Germline De Novo Mutations in ATP1A1 Cause Renal Hypomagnesemia, Refractory Seizures, and Intellectual Disability.
Germline De Novo Mutations in ATP1A1 Cause Renal Hypomagnesemia, Refractory Seizures, and Intellectual Disability.
Am J Hum Genet. 2018 Nov 01;103(5):808-816
Authors: Schlingmann KP, Bandulik S, Mammen C, Tarailo-Graovac M, Holm R, Baumann M, König J, Lee JJY, Drögemöller B, Imminger K, Beck BB, Altmüller J, Thiele H, Waldegger S, Van't Hoff W, Kleta R, Warth R, van Karnebeek CDM, Vilsen B, Bockenhauer D, Konrad M
Abstract
Over the last decades, a growing spectrum of monogenic disorders of human magnesium homeostasis has been clinically characterized, and genetic studies in affected individuals have identified important molecular components of cellular and epithelial magnesium transport.
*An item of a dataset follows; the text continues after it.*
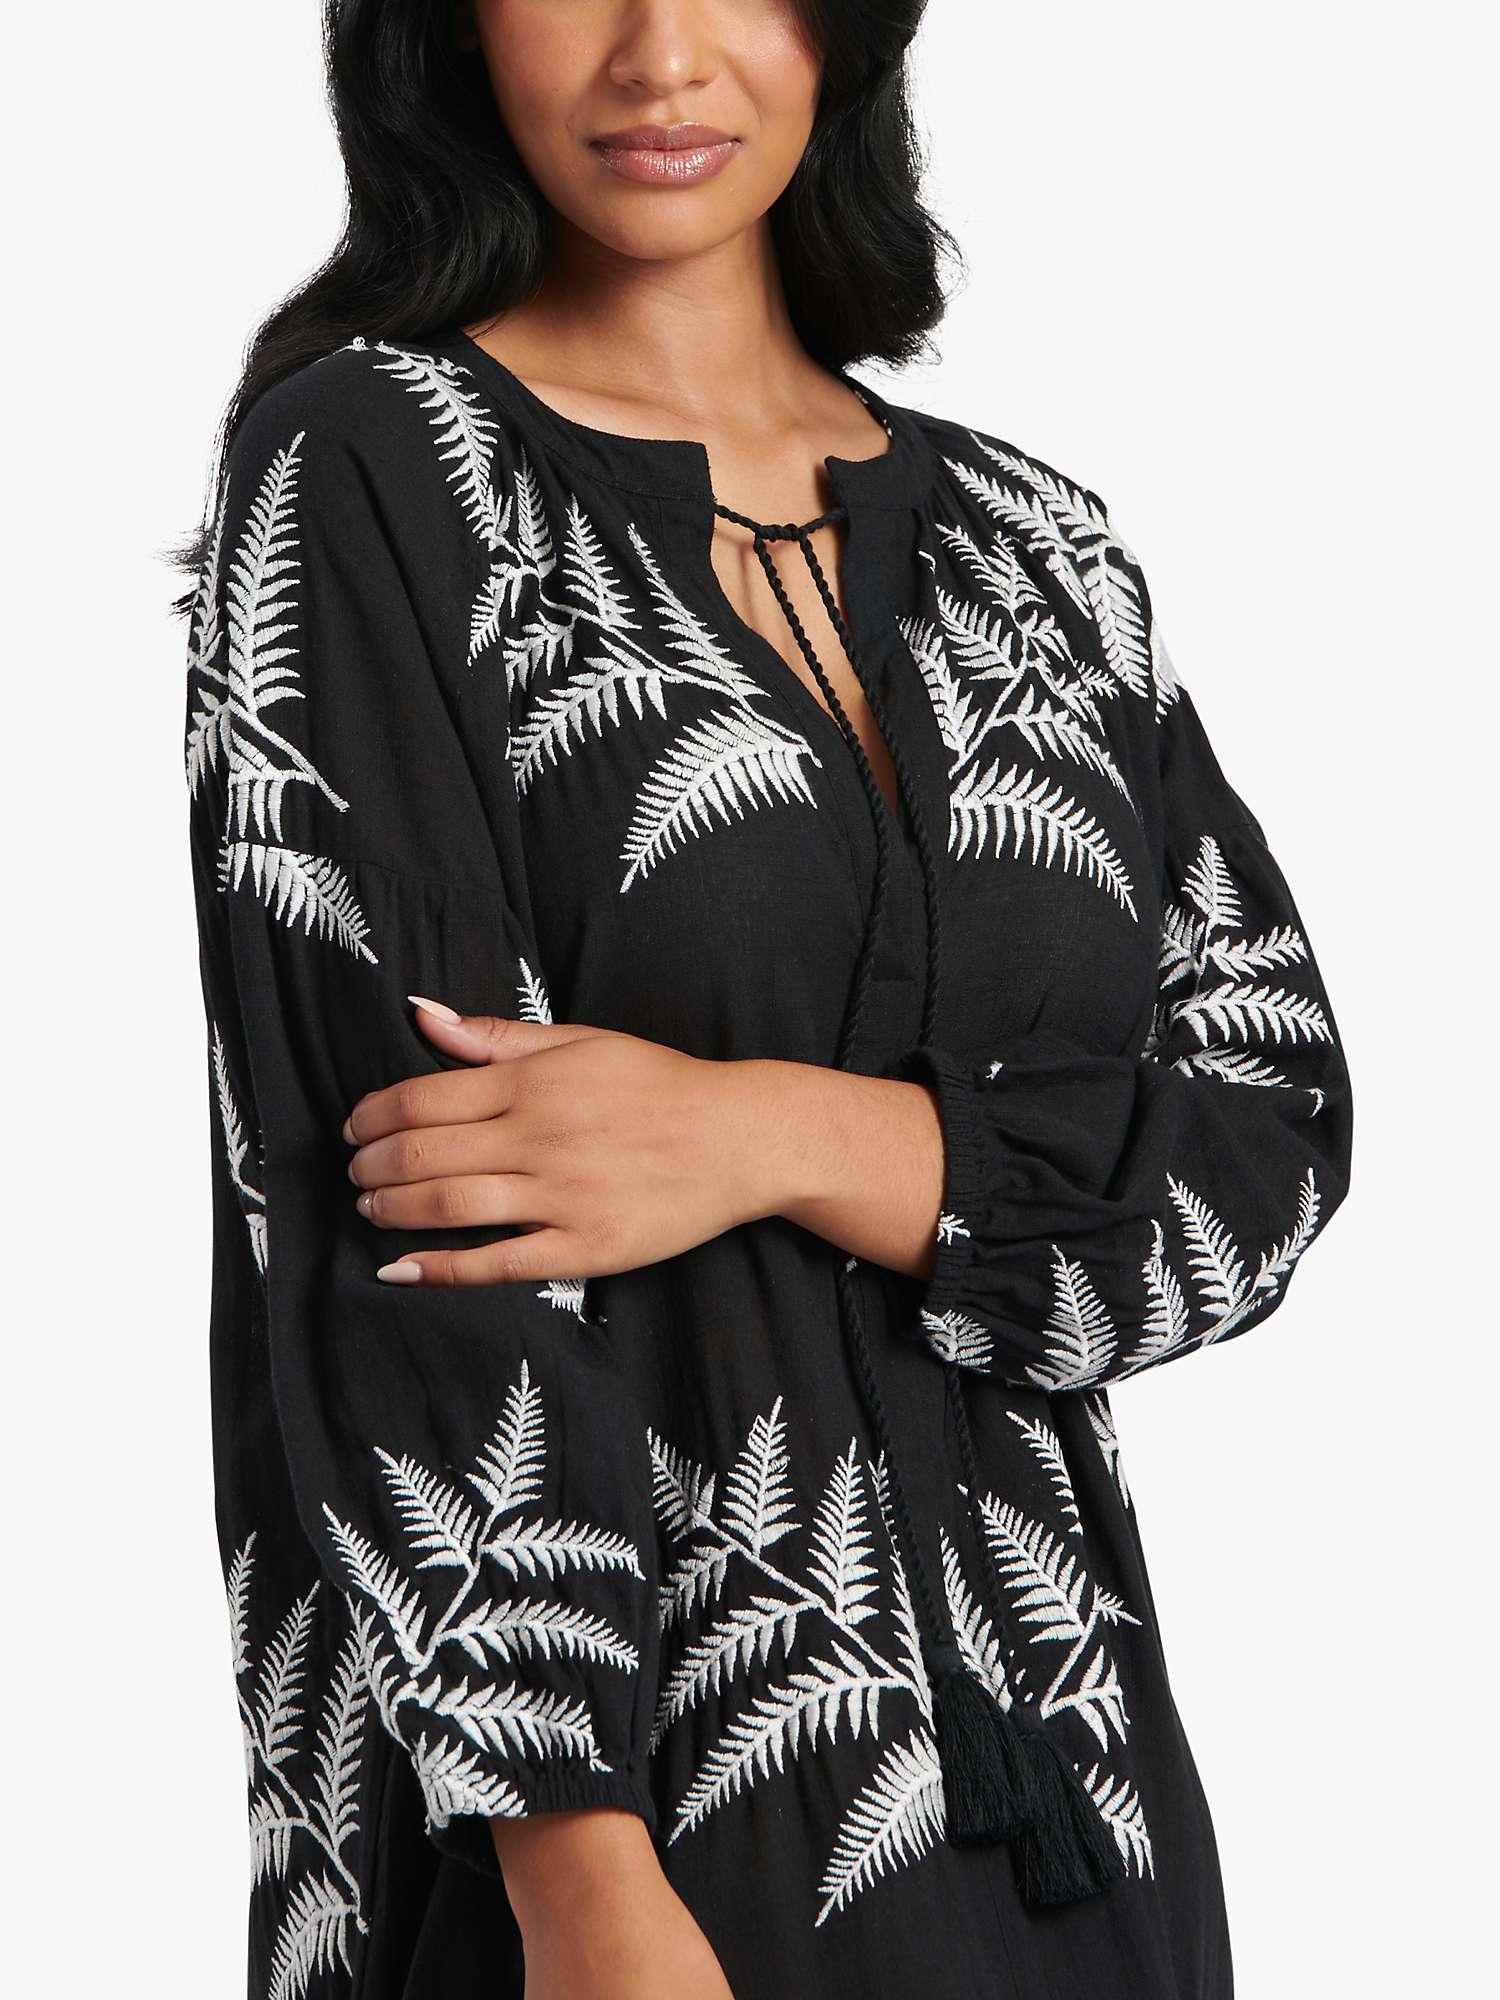 Buy South Beach Palm Embroidered Maxi Dress, Black/White Online at johnlewis.com

Here, we describe three infants who are from non-consanguineous families and who presented with a disease phenotype consisting of generalized seizures in infancy, severe hypomagnesemia, and renal magnesium wasting. Seizures persisted despite magnesium supplementation and were associated with significant intellectual disability. Whole-exome sequencing and conventional Sanger sequencing identified heterozygous de novo mutations in the catalytic Na+, K+-ATPase α1 subunit (ATP1A1). Functional characterization of mutant Na+, K+-ATPase α1 subunits in heterologous expression systems revealed not only a loss of Na+, K+-ATPase function but also abnormal cation permeabilities, which led to membrane depolarization and possibly aggravated the effect of the loss of physiological pump activity. These findings underline the indispensable role of the α1 isoform of the Na+, K+-ATPase for renal-tubular magnesium handling and cellular ion homeostasis, as well as maintenance of physiologic neuronal activity.